テスト、返却される
「ぐぬううううう!!!!!!!」
唸っているのは重だ、手には一枚の紙が握られ、目の前の睡の持つ紙と見比べている。
見ているのは学期明けの小テストの成績表、一応テストという体を取っているので成績の評価もでる、まあ学期の成績に反映されるものではないのであくまで目安程度のものだが……
「ほら、重さん、見ての通りですよ? 私はやればできる子なんです!」
そう、睡の成績はかなりの上位だった。俺もチラリと見せてもらったがかなりの上位になるであろう成績になっていた。
「まあ、重も相手が悪かったな」
睡に説教したのに自分の成績が説教相手に負けている、なんとも情けない話だが今回については相手が悪かったとしか言えないだろう。睡はどうやったのかは知らないが数日で驚くほどの学習をしているので軽々と上位を取ってしまった。
「はぁ……もういいわ、誠はどんな感じよ?」
「ほれ」
俺は躊躇うことなく成績表を渡す、別に大した成績ではないのだが隠すようなことでもないと思っているので気にしない。平均を超えているなら恥ずかしいものではないと思うしな。
俺の渡した成績表を眺めてから頷いて返された。
「私の方が少し勝ってるわね」
「それはおめでとう」
適当に褒めておいたのだが、そこで睡が悲しそうな表情になった。
「うぅ……お兄ちゃんより高い点を取ってしまいました……お兄ちゃんと同じ成績を狙ったのに……」
何かブツブツ言っているが本気を出していないと婉曲に言っているようだった。俺としては本気を出していいと思うのだが本人はお気に召さなかったらしい。

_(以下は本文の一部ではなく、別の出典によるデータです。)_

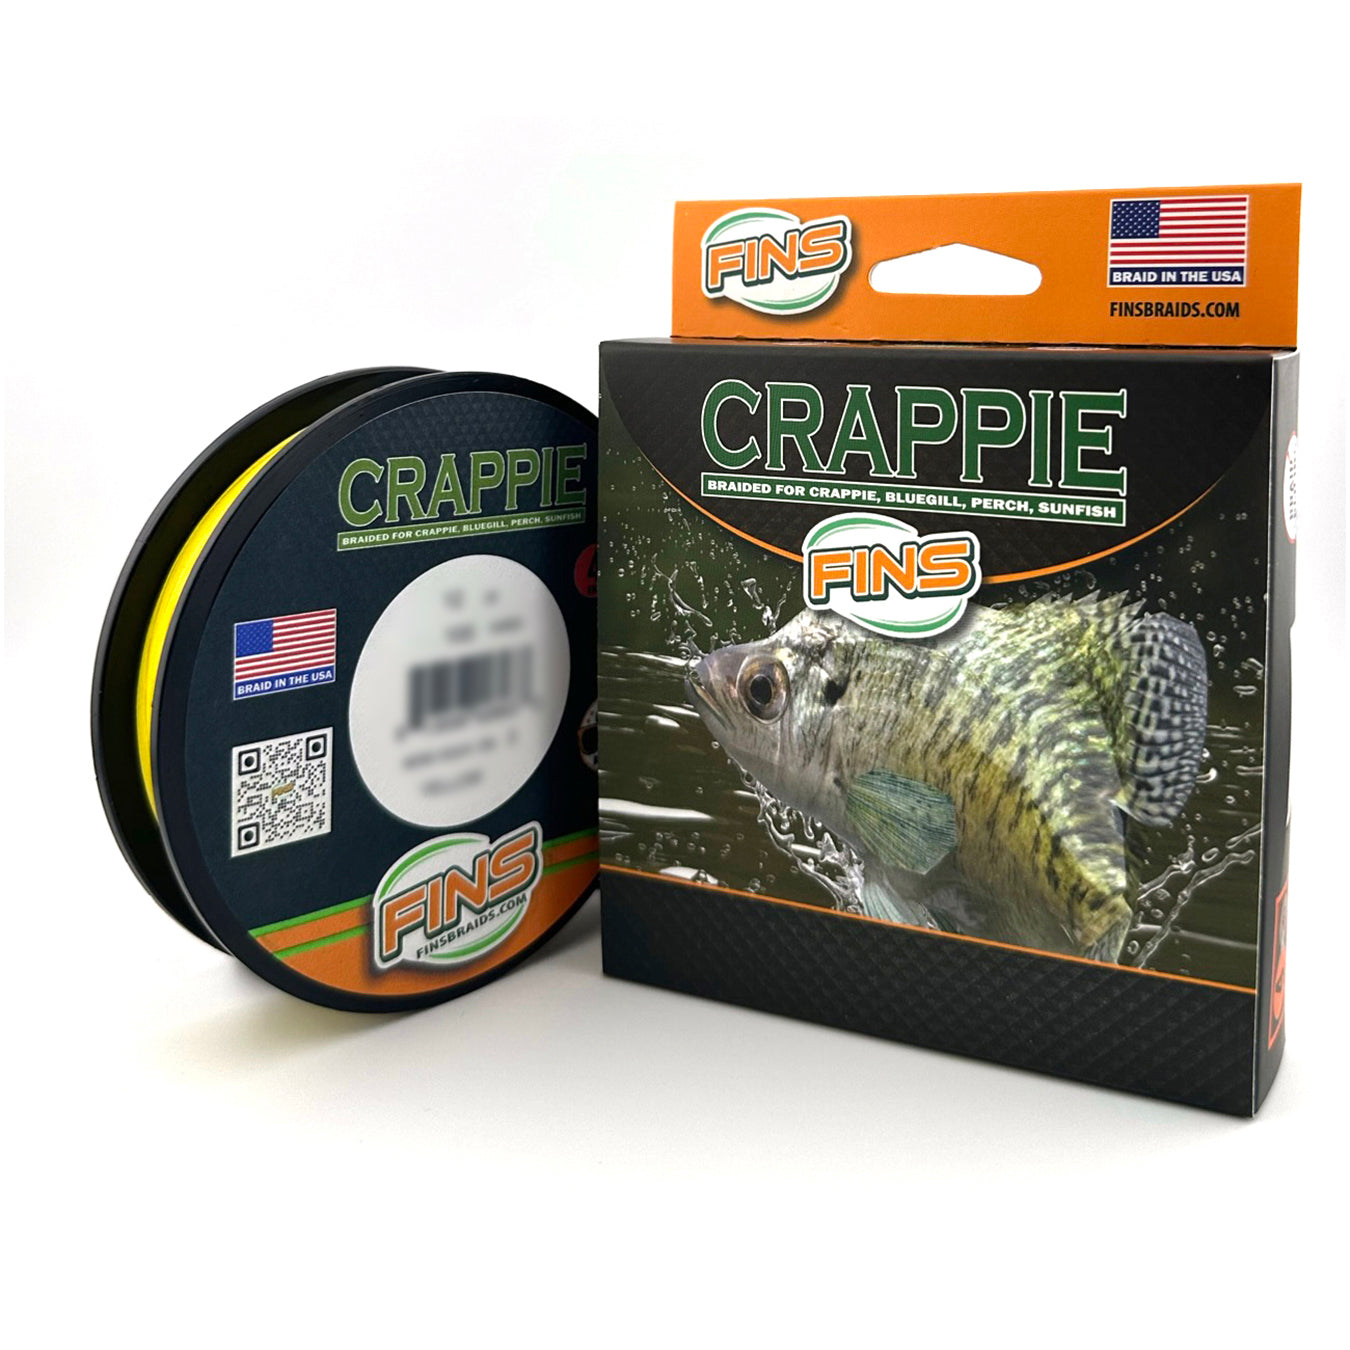 Yellow Spool and box Crappie Braid ultralight diameter, braided for fishing line for crappie, bluegill, perch, sunfish.
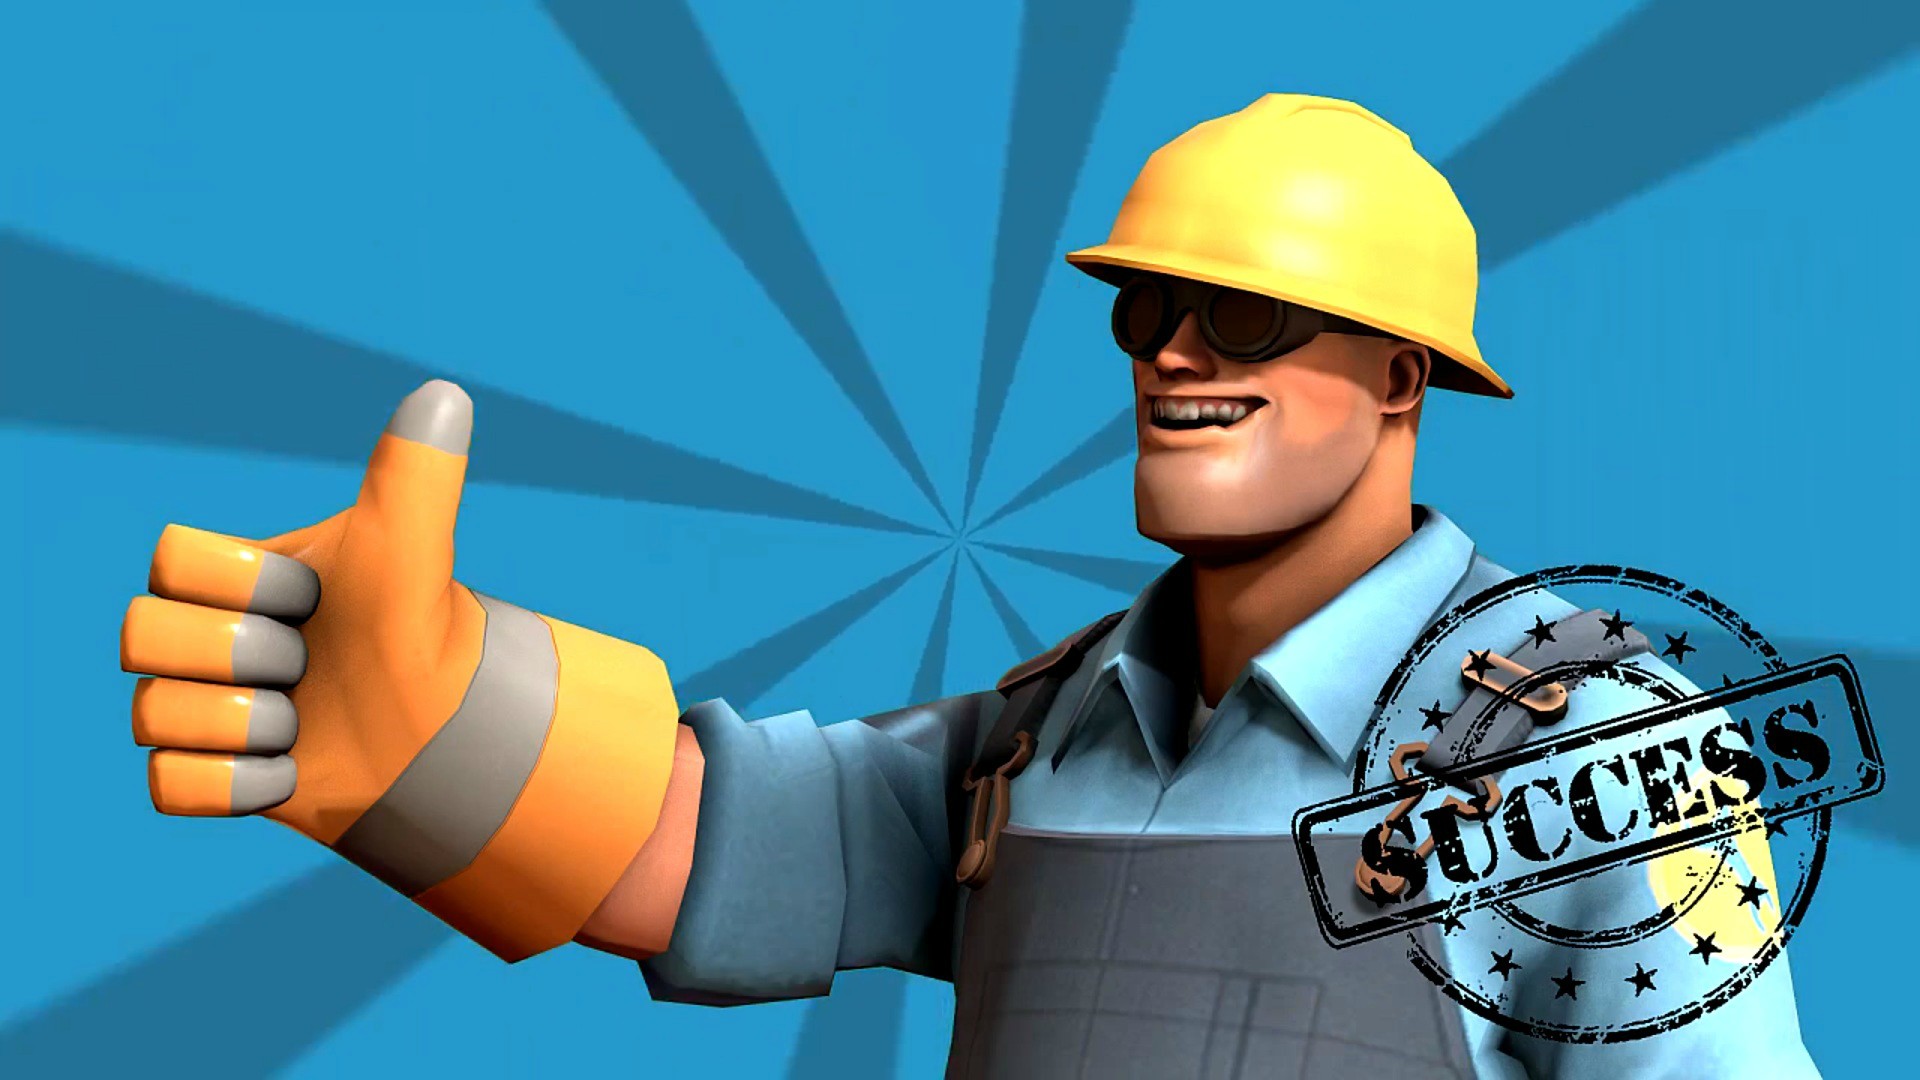 In This Post You Will See Our Favourite Team Fortress Wallpaper

「睡は頑張ったんだからいいじゃないか、俺は妹のできがいいのは誇らしいぞ」
「そうですか……ふへへ……」
だらしない笑顔になる睡、重は俺たちを呆れた様子で眺めていた。
「あんたらねえ……誠も妹に負けてて恥ずかしくないの?」
「そうは言っても双子だしなあ……学年が違うなら気にもなるけどさあ……」
同学年の兄妹が成績の高程を気にするようなことではないと思う。兄としては確かに妹に負けているが同じ授業を受けているのだから差が少ないとも言える。
「お兄ちゃんはもうちょっと頑張って欲しいんですがね……」
「知らんな、お前は成績がいいんだから俺のこと難敵にすることは無いだろう?」
「いいえ、お兄ちゃんの側に居るものとしてお兄ちゃんと差がつくのは良くないことなのです!」
無茶な理論で俺の成績に文句を言ってくる。俺は最低限生活できる程度の成績なら文句のない人間なのでわかり合えないのかもしれない。重はジト目で俺たちを眺めていた。視線が痛いので注目を浴びるような事はやめて欲しい。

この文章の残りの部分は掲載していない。